Let me illustrate something. The 340 has 26 length 17 unique sequences/strings. And after mirroring the lower half as you suggest this observation drops to 15 length 17 unique sequences. doranchak calculated the odds of 26 length 17 appearing randomly to about 1 in 600,000,000. It narrows down the transposition options even further.

Here is a picture. The red line are the unique sequence length frequencies. The other colors are different directions and green is the 340 fully mirrored. To interpret it differently, the red "mountain" is right shifted from the green "mountain". And the more the mountain is right shifted the better it looks as considering the direction as the actual sequential homophonic substitution direction.

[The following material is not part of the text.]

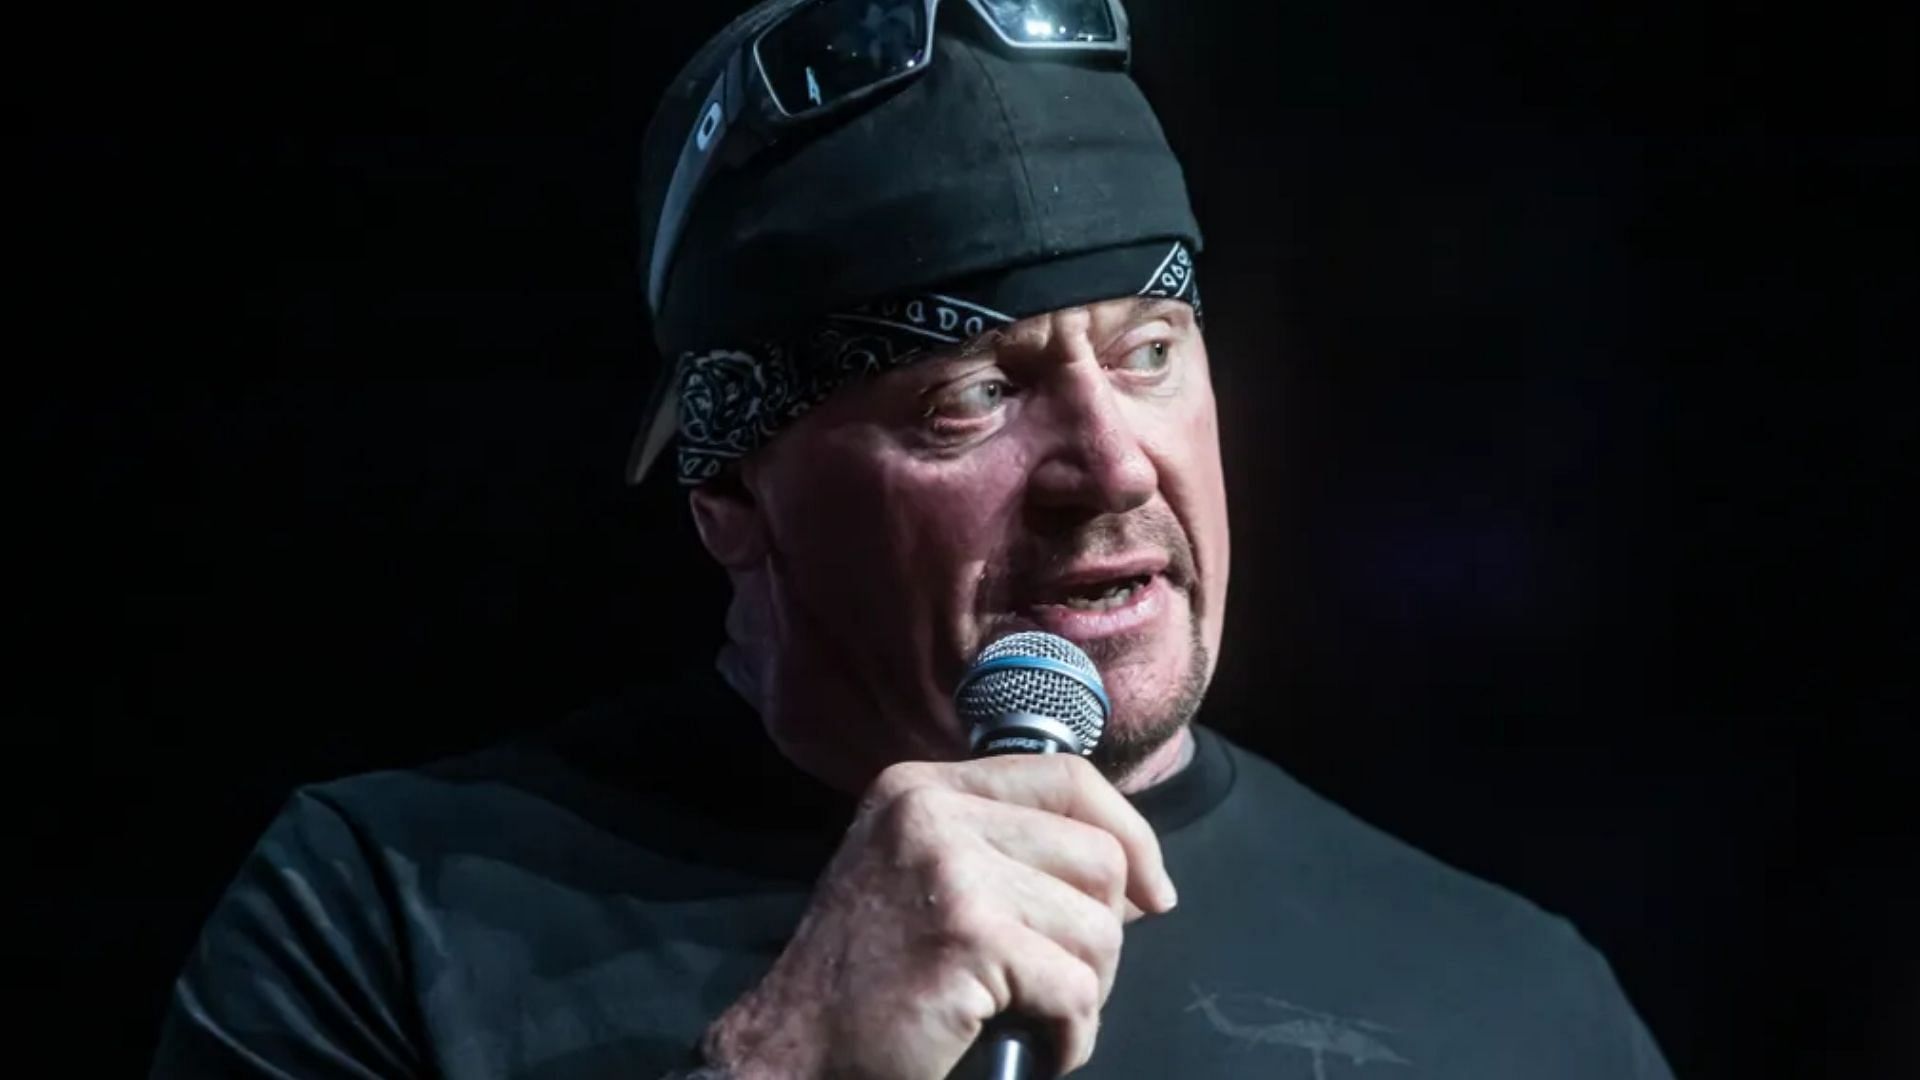 The Undertaker retired from in-ring competition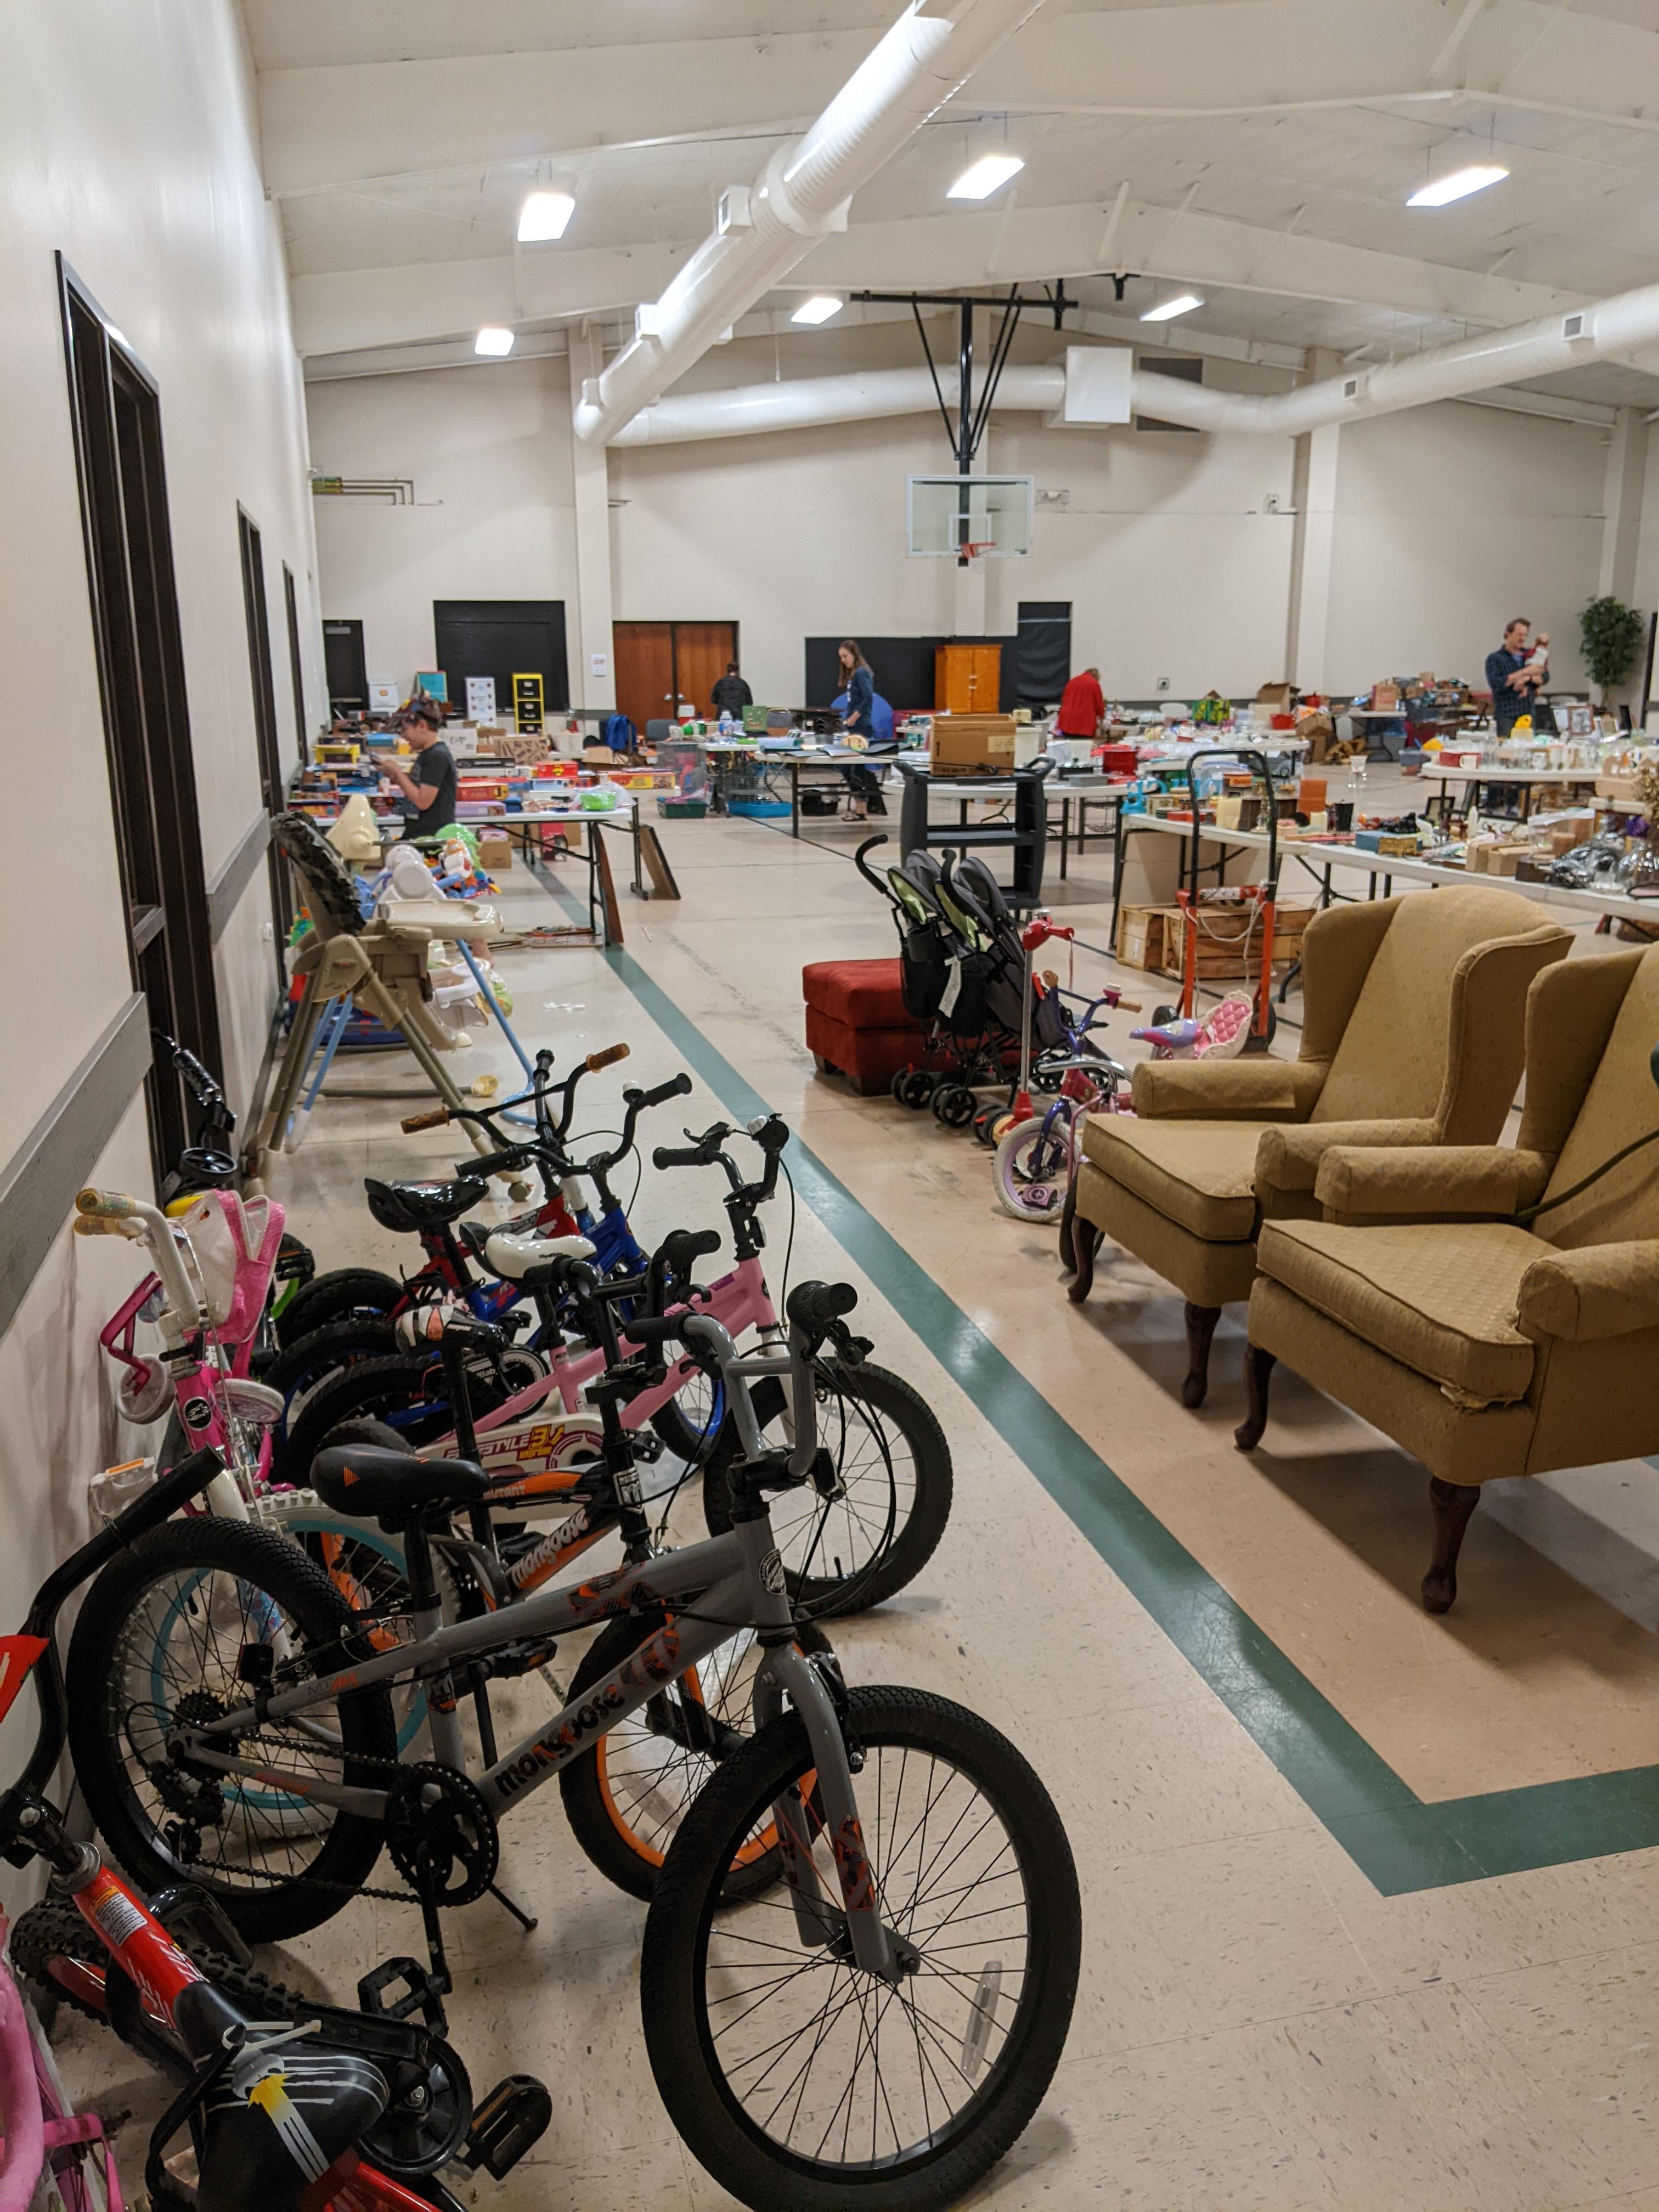 Inside of Westlink Church of Christ community center while being used as a garage sale.

Mirroring the lower half left shifts the mountain. This sharp peak at 17 with a steep drop off is actually a bit weird. Though it would be weird if it would be normal, it is the 340 after all.

Hi,

I implemented the scoring shown by Jarlve and did some experiments. I remembered that sometimes shifting rows or the whole cipher leads to better period n peaks. By shifts of rows I mean the following:

original row:
HERabcdVPeIfLTGgh

row shifted by 3:
GghHERabcdVPeIfLT

So why not test whether the 2-cycle-score also increases significantly? I wrote a little function that tries different row shifts. Here is the best result so far:

Shifting amounts (rows 1-20):
3, 15, 15, 1, 11, 4, 11, 7, 16, 0, 16, 5, 15, 13, 2, 0, 2, 16, 0, 6

Resulting Cipher:

GghHERabcdVPeIfLT
+BjkOlDWYmnoKpqNb
stM+UZGWjqLkuHJBr
gSbbvdcwoVxbO++RK
2hI7FP+34e5yzM+u1
agDjbwRdFcO-ohCeF
8gUtXGVmuLIk7+KQl
NYu+9LzjGgJp2kO+y
nM+0+ZRgFBtrA#4Kh
-ucUV+dJ+ObvnFBr-
+R571EIDYBb0TMKOU
m+3BFgntcRJIo7T4M
zSrk+NI7FBtj8wRu#
dp7g40mtV41++cGFN
-+rBXfos4zCEaVUZ7
ItmxuBKjObdmpMQGg
qLRtT+Lf#Cn+FcWBI
+qWCuWtPOSHT5jqb+
IFehWnv1ByYOBo-Ct
wAIK8+aMDHNbeSuZO

The 2-Cycle score is 2433, an increase of 13.9% over the original z340. Is that significant? I honestly have no idea.
Compared to z340, the perfect n-cycles have also increased (obviously).

However, I have not yet made a comparison with other ciphers. Perhaps these observations are based on quite normal behavior.
I’ll try to include the unique sequences length stuff shown in the last chart, so I can make such a comparison too.

Perfect 4-symbol cycles:
PlsxPlsxP (30)
fsxQfsxQf (30)
lsxQlsxQ (20)
l23Xl23X (20)
l23Ql23Q (20)
l2XQl2XQ (20)
l3XQl3XQ (20)
sxQAsxQA (20)
v3XQv3XQv (30)
v8XQv8XQv8 (42)
23XQ23XQ (20)
3XQA3XQA (20)
58XQ58XQ58 (42)
y8XQy8XQy8 (42)
8XQA8XQA8 (30)

Perfect 5-symbol cycles:
l23XQl23XQ (30)

The 2-Cycle score is 2433, an increase of 13.9% over the original z340. Is that significant? I honestly have no idea.
Compared to z340, the perfect n-cycles have also increased (obviously).

However, I have not yet made a comparison with other ciphers. Perhaps these observations are based on quite normal behavior.
I’ll try to include the unique sequences length stuff shown in the last chart, so I can make such a comparison too.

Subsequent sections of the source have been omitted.